Onboard the Mayflower was a young man named John Howland.  He traveled to the new world as the man-servant to Governor John Carver, but something happened on the voyage that showed there were bigger plans for him.  During a particularly violent storm, young John was washed overboard.  As luck, or providence would have it, he grabbed hold of a rope as he went over and held on, literally, for dear life.  Immersed in the waves, he didn’t let go and was dragged back onboard. John survived that first winter and many more, living to be around 80.  He went on to serve the new colony in several important roles, married a fellow passenger and had thousands of descendants.


Family history is more than names and dates on a piece of paper.  It is the story of who you are, where you came from and the people who endured incredible odds for you to be here.  The story of John Howland is just one of the many I found when I decided to trace my own family.

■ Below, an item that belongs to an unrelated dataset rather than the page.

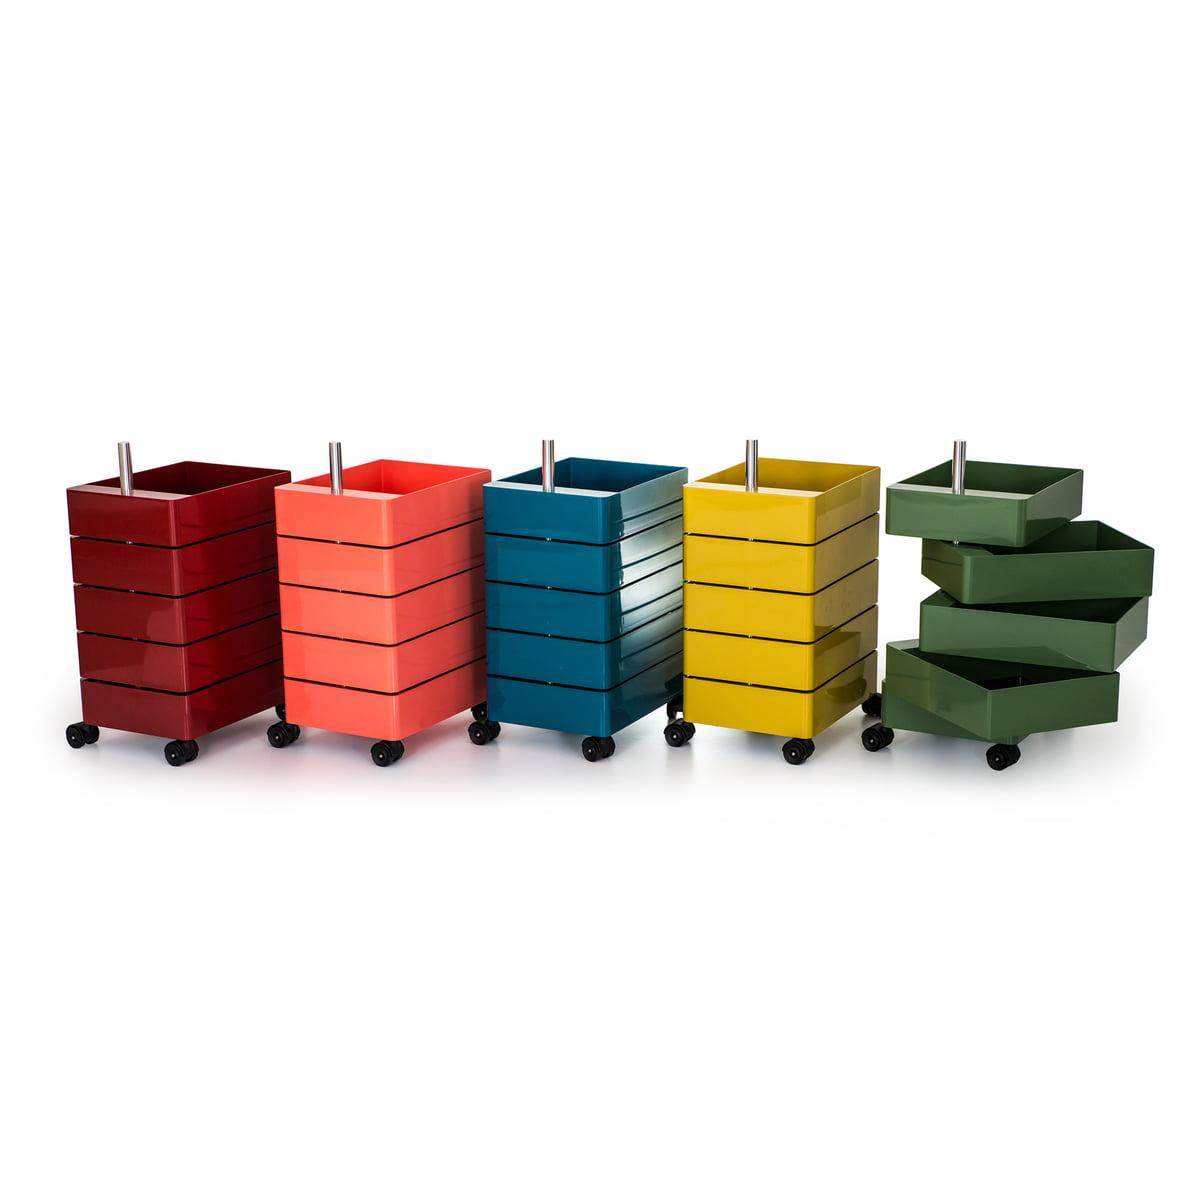 360 Container Von Magis Connox

If you’re ready to begin your journey to find out who you really are, there are several things to keep in mind:


  • Talk to living relatives. One small memory can lead to amazing discoveries
  • Visit the library or the county archives.
  • Remember, the internet is full of amazing information. But not all if it is correct.  Verify anything you find by checking it against records, old family bibles, etc.
  • Connect with “cousins” online. They may have already done a lot of the work for you.  But, once again, remember to verify any information.  com is a great resource for this.
  • Never make assumptions. Just because something makes sense, doesn’t make it correct. Verify, verify, verify.


Family history is a huge jigsaw puzzle that will always have pieces missing, but the more you research, the clearer the picture will become. And occasionally, when you least expect it, you’ll turn over a piece you’ve overlooked and one of those elusive missing pieces will just fall into place.